• [AVAILABLE DATA]:
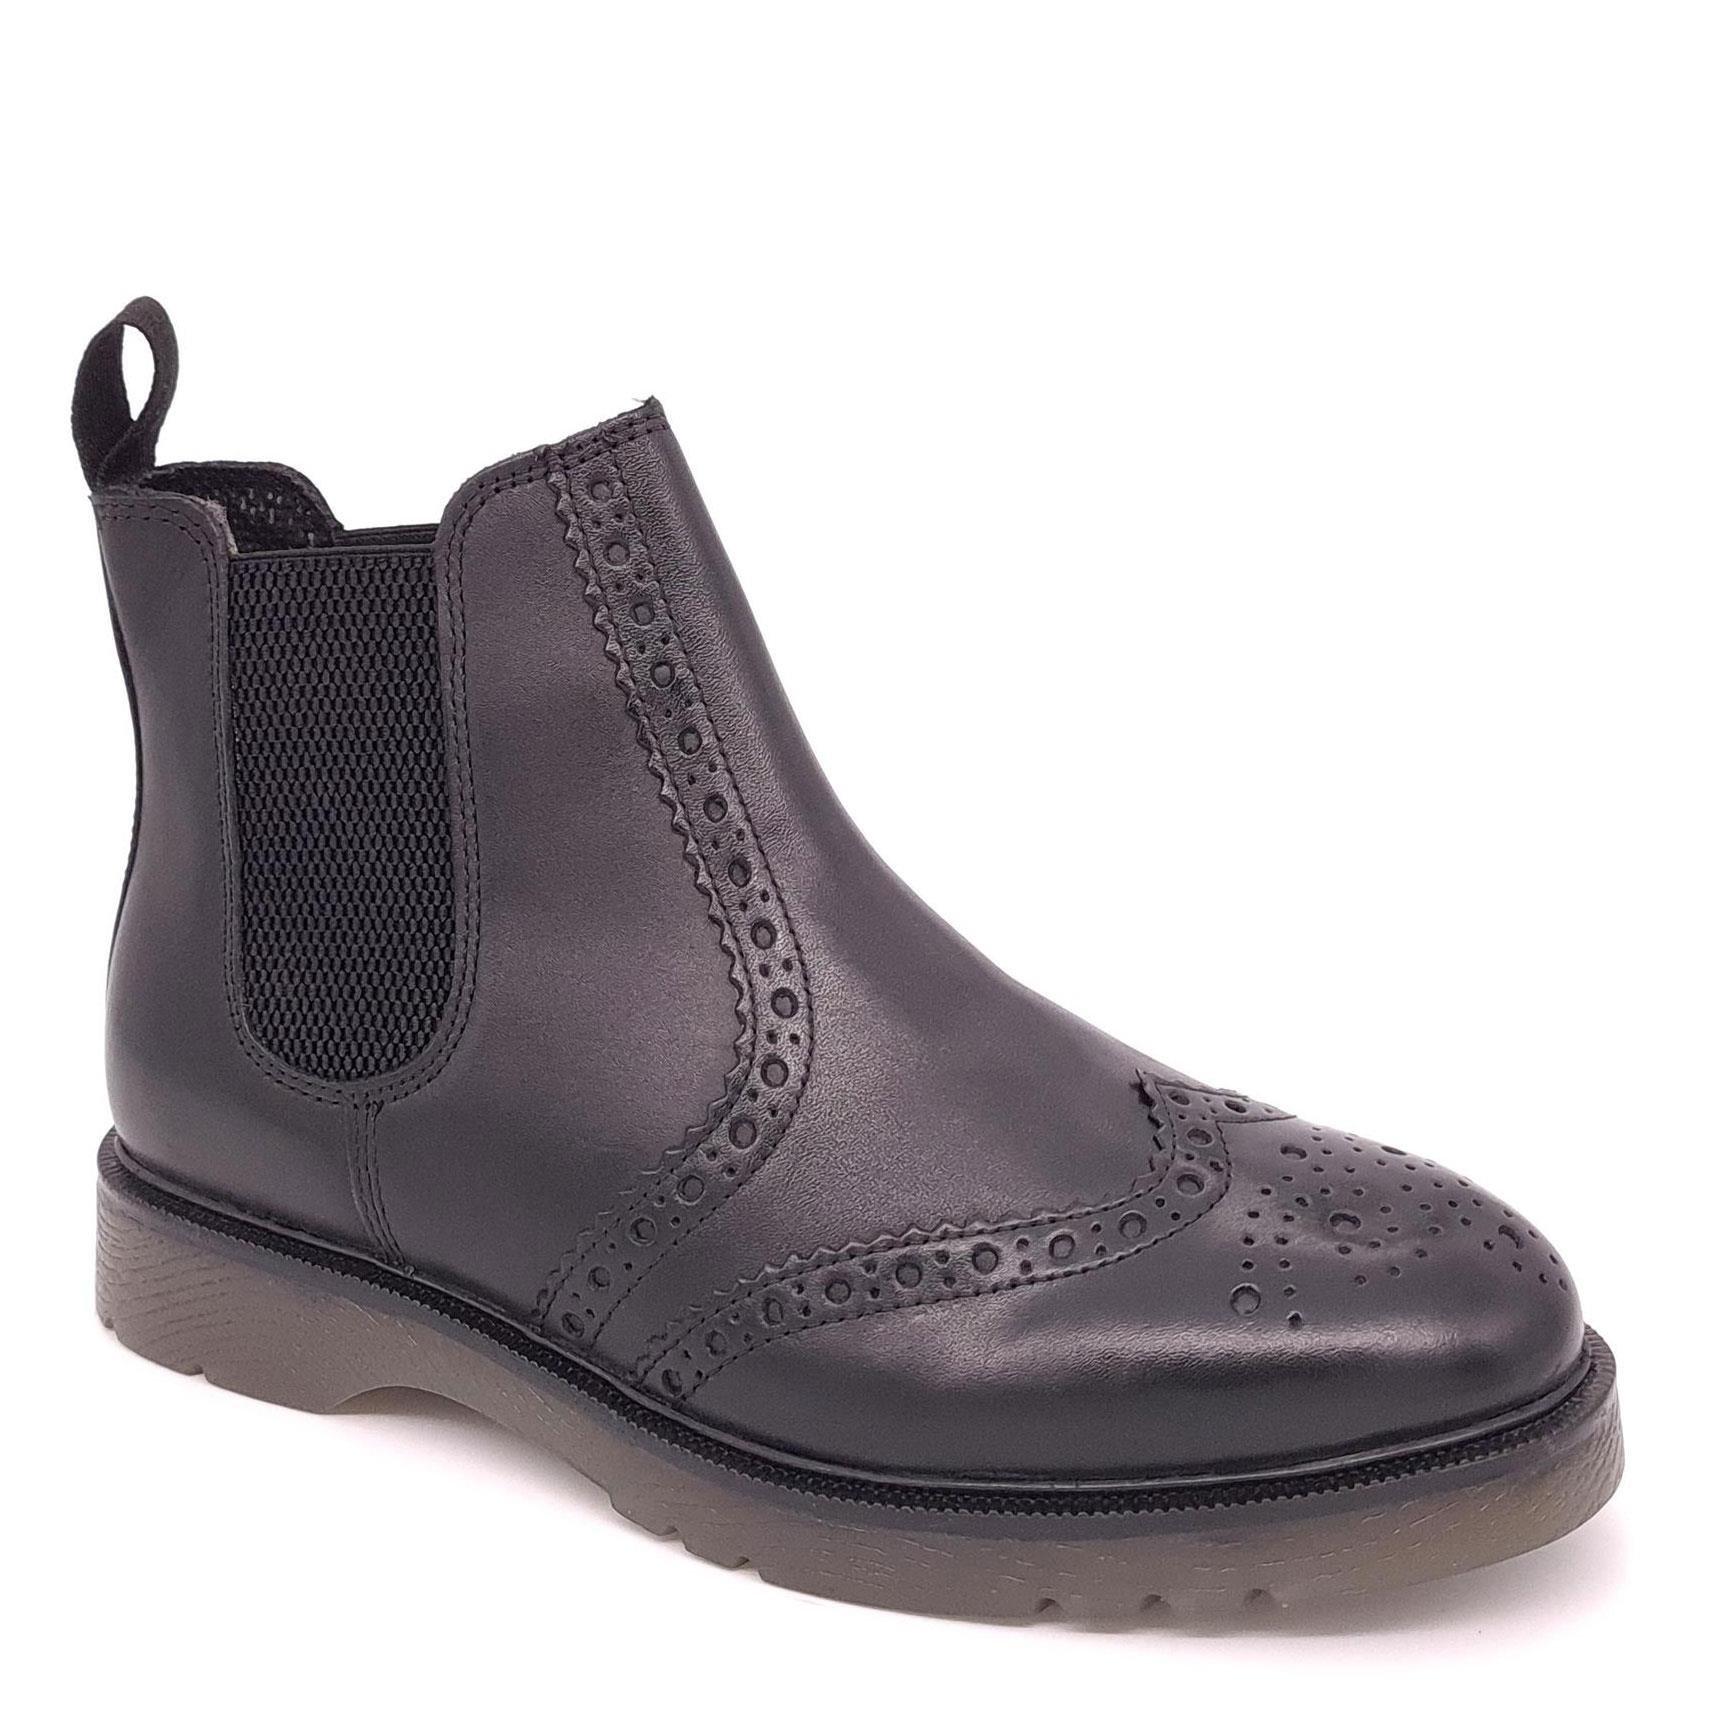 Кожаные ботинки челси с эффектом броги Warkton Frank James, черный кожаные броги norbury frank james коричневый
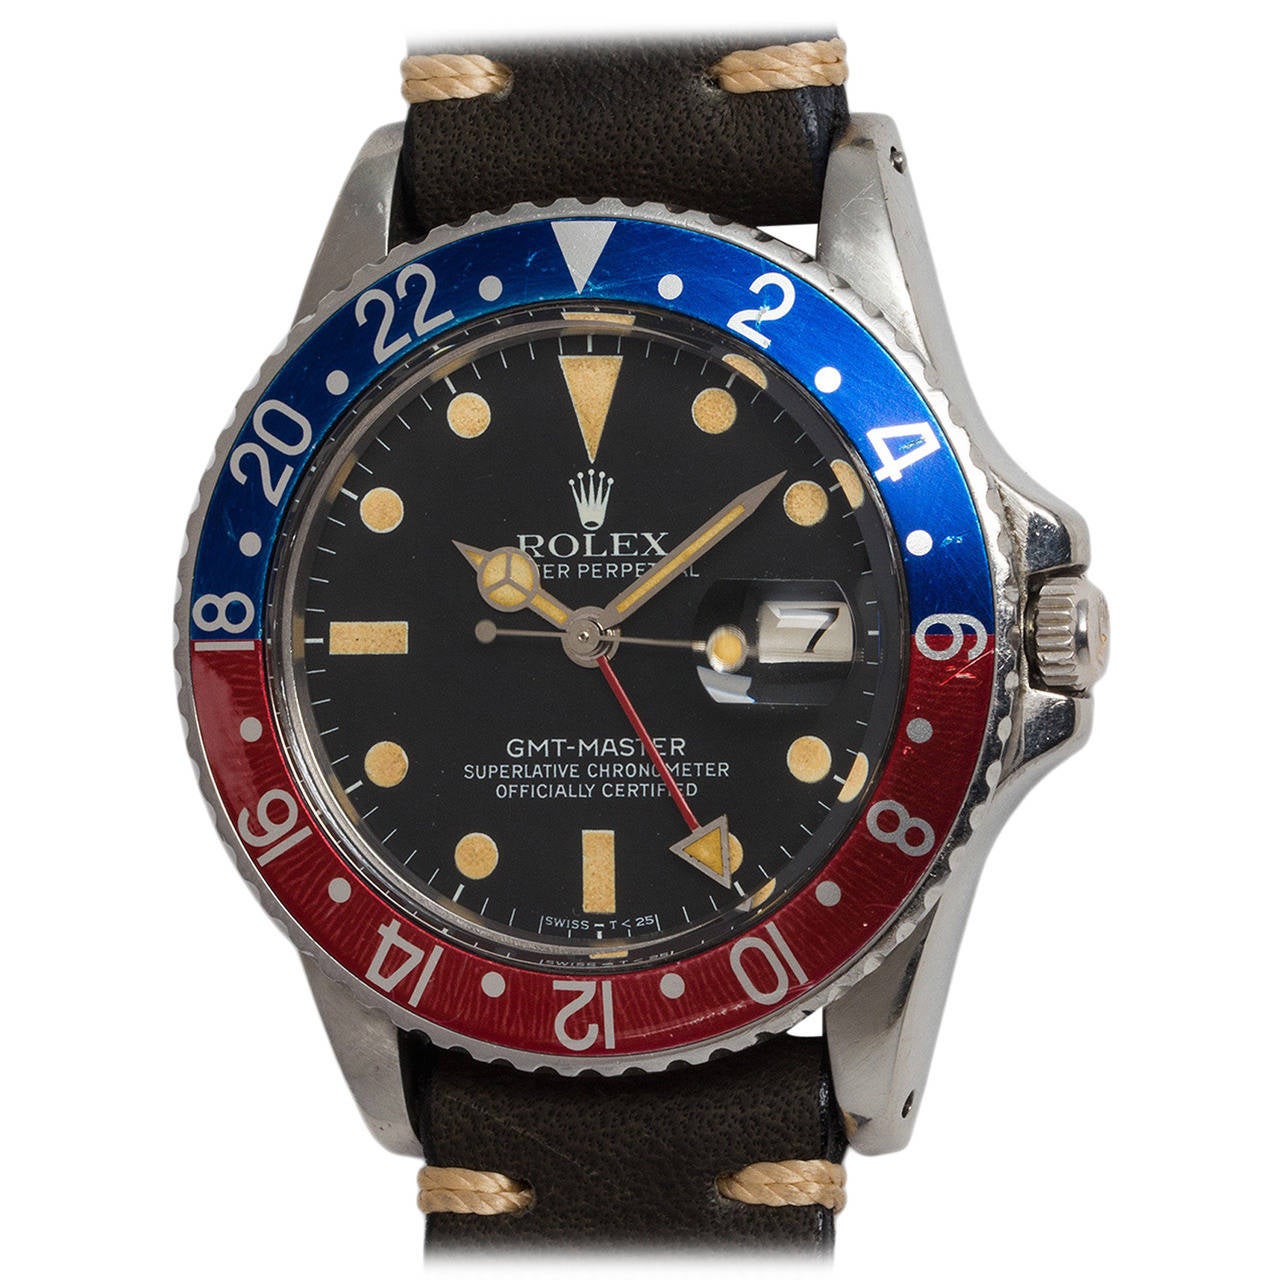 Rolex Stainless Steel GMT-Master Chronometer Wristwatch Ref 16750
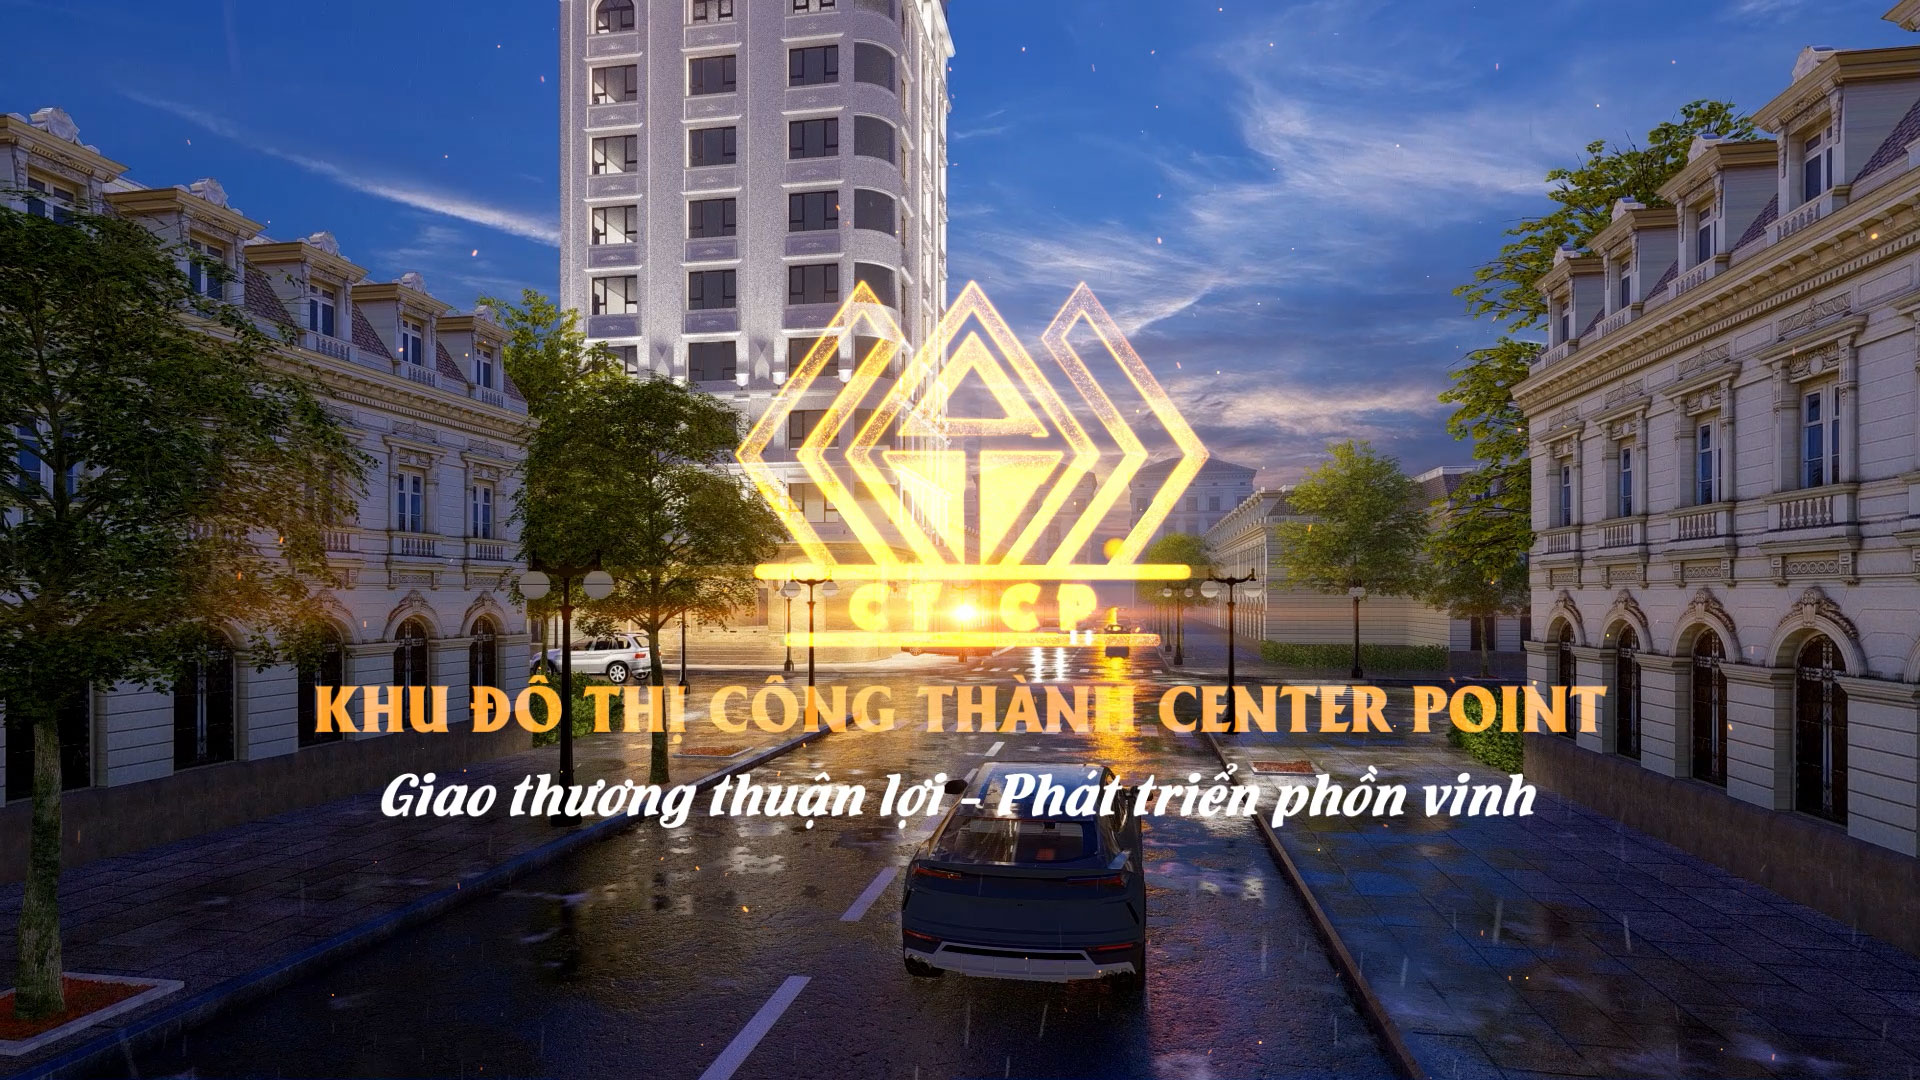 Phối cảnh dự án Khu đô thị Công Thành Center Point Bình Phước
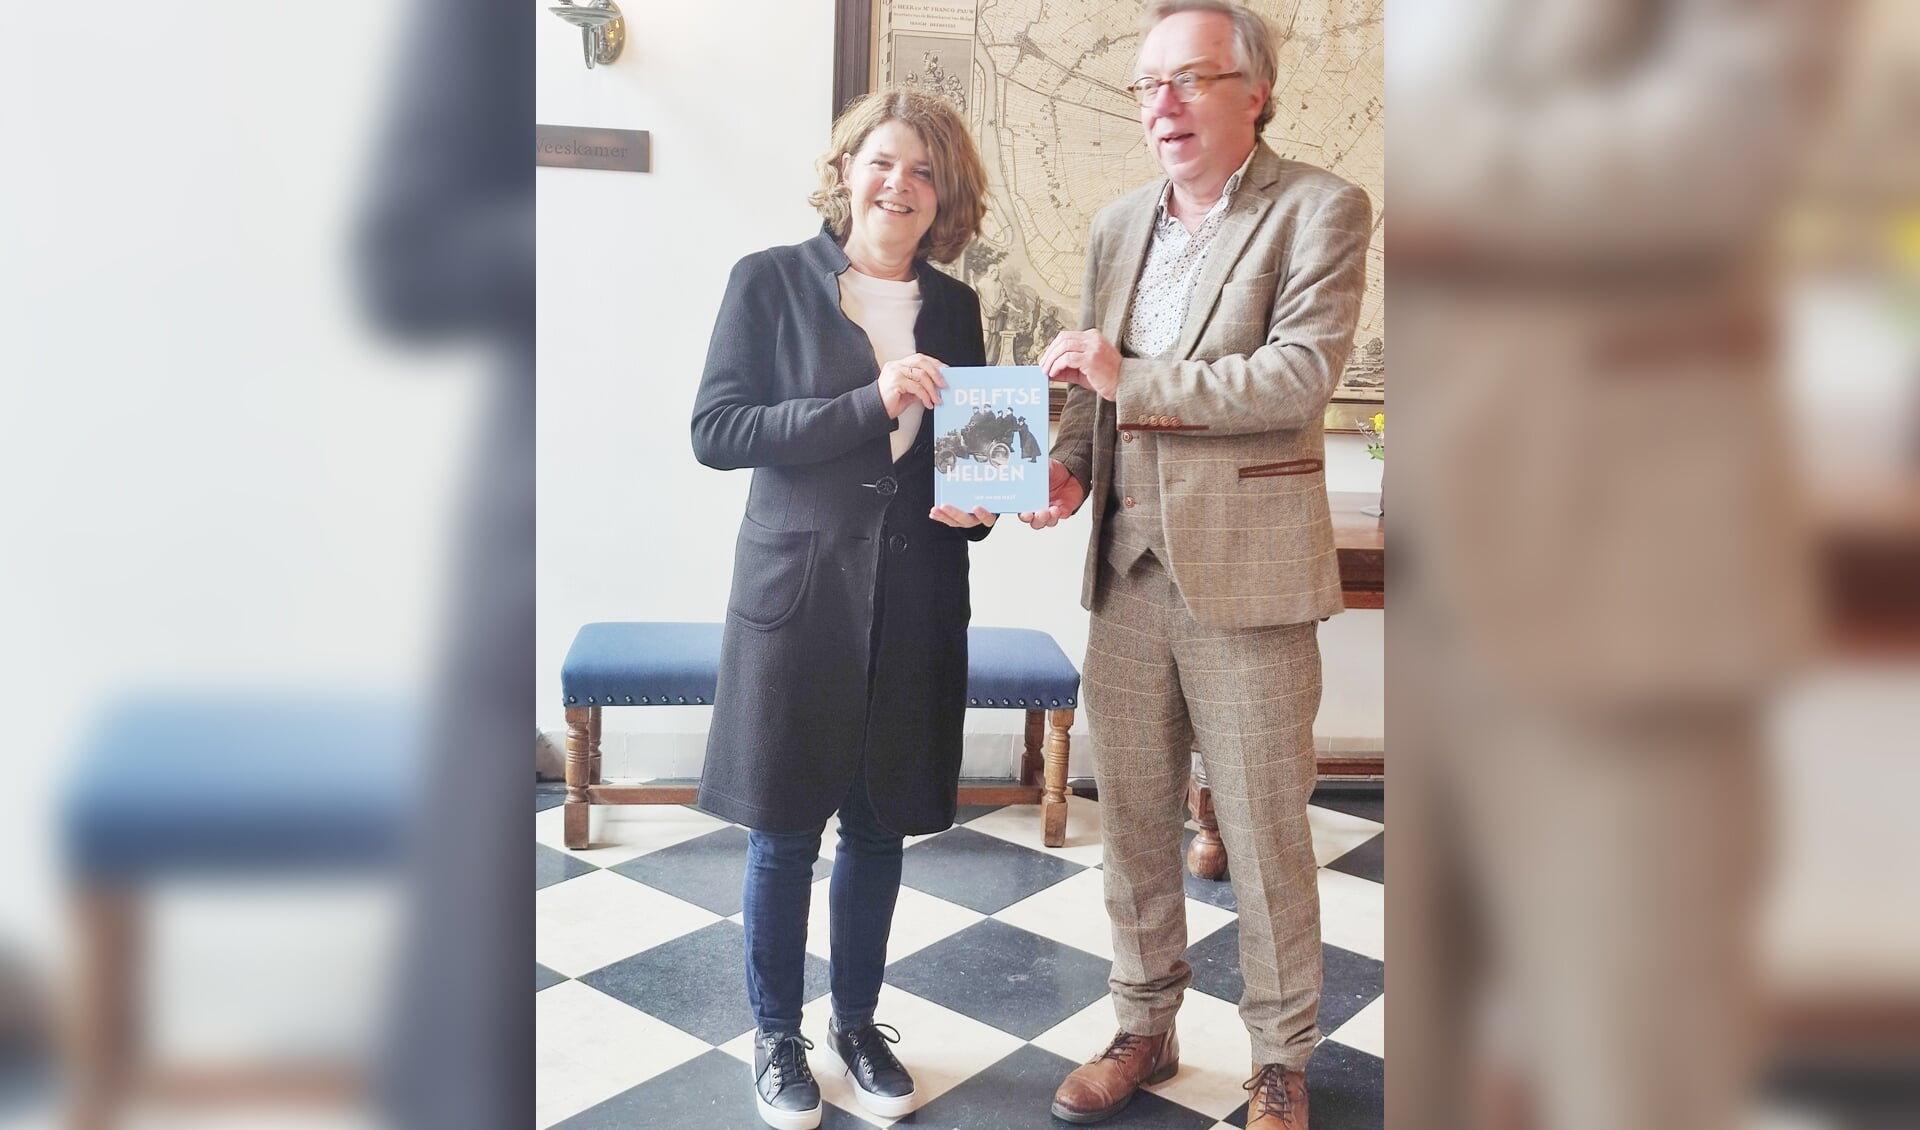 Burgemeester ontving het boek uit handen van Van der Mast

• [EXERCISE REQUIREMENTS]:
Drop the pictures and copy the data exactly.

• [FINAL ANSWER]:
 Кожаные ботинки челси с эффектом броги Warkton Frank James, черный кожаные броги norbury frank james коричневый
 Rolex Stainless Steel GMT-Master Chronometer Wristwatch Ref 16750
 Phối cảnh dự án Khu đô thị Công Thành Center Point Bình Phước
 Burgemeester ontving het boek uit handen van Van der Mast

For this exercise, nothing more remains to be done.